===== THE DATA

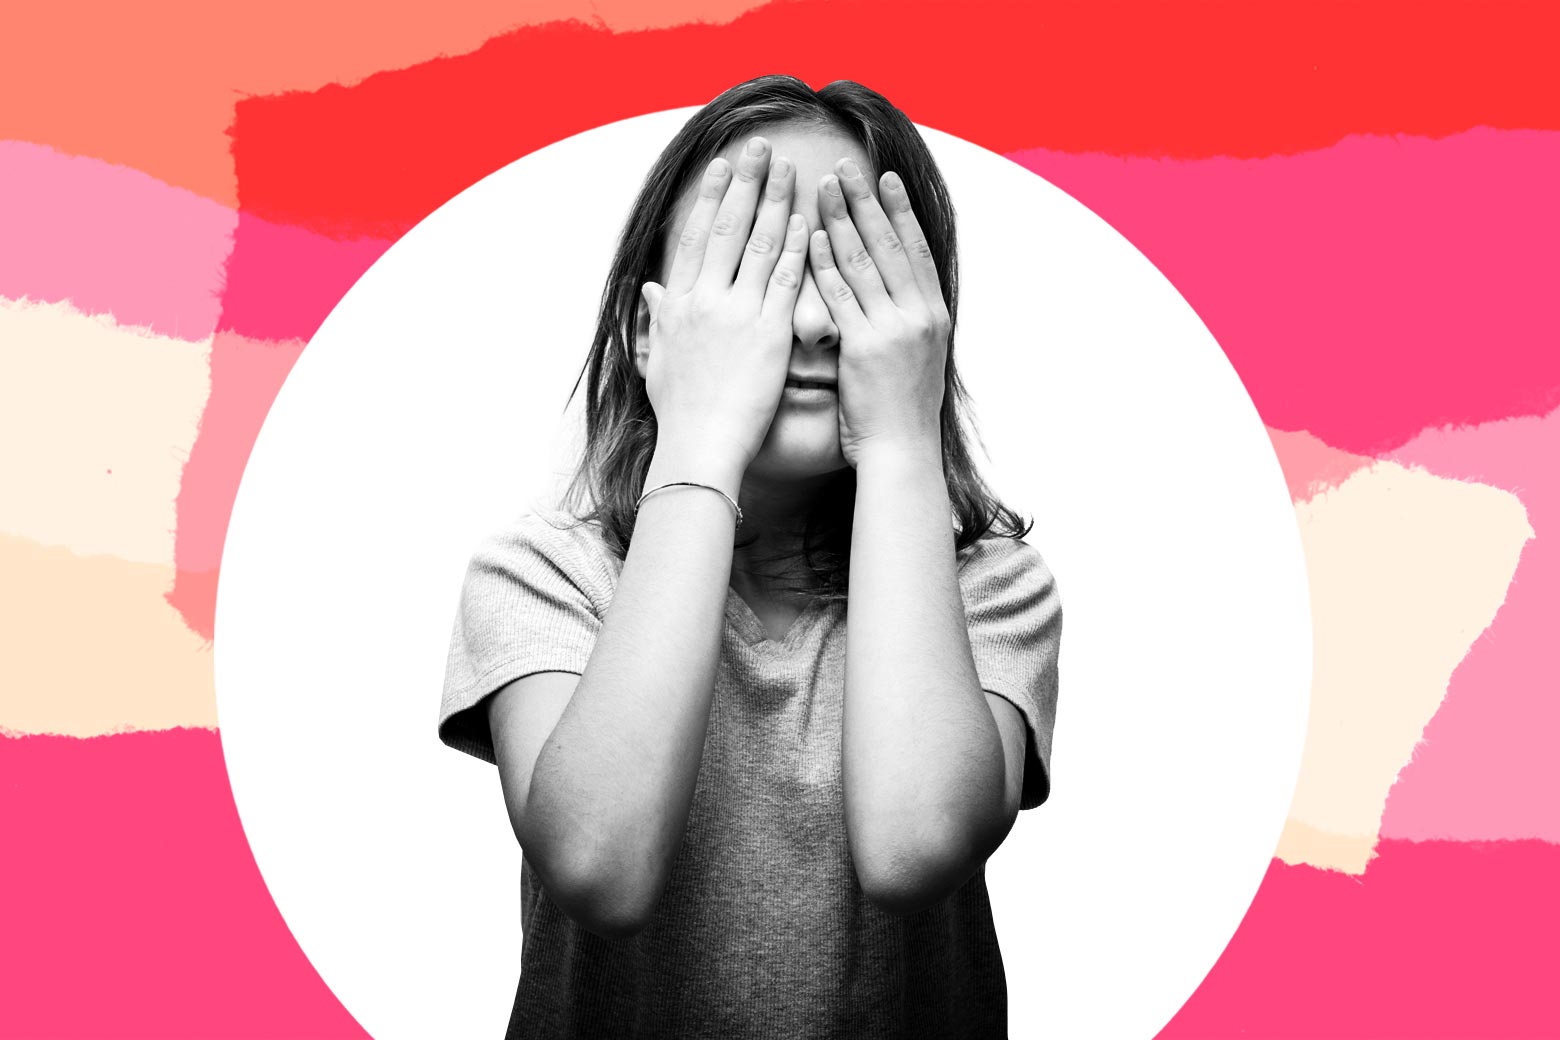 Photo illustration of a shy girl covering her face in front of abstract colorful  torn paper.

==========
===== THE DATA

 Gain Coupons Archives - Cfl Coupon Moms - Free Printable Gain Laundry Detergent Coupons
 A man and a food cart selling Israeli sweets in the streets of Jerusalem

==========

### WORK ITEM
Copy out only the lines above from the one with "Gain Coupons Archives" to the one with "A man and a", inclusive, exactly as they stand.

### ANSWER TO THIS EXERCISE
 Gain Coupons Archives - Cfl Coupon Moms - Free Printable Gain Laundry Detergent Coupons
 A man and a food cart selling Israeli sweets in the streets of Jerusalem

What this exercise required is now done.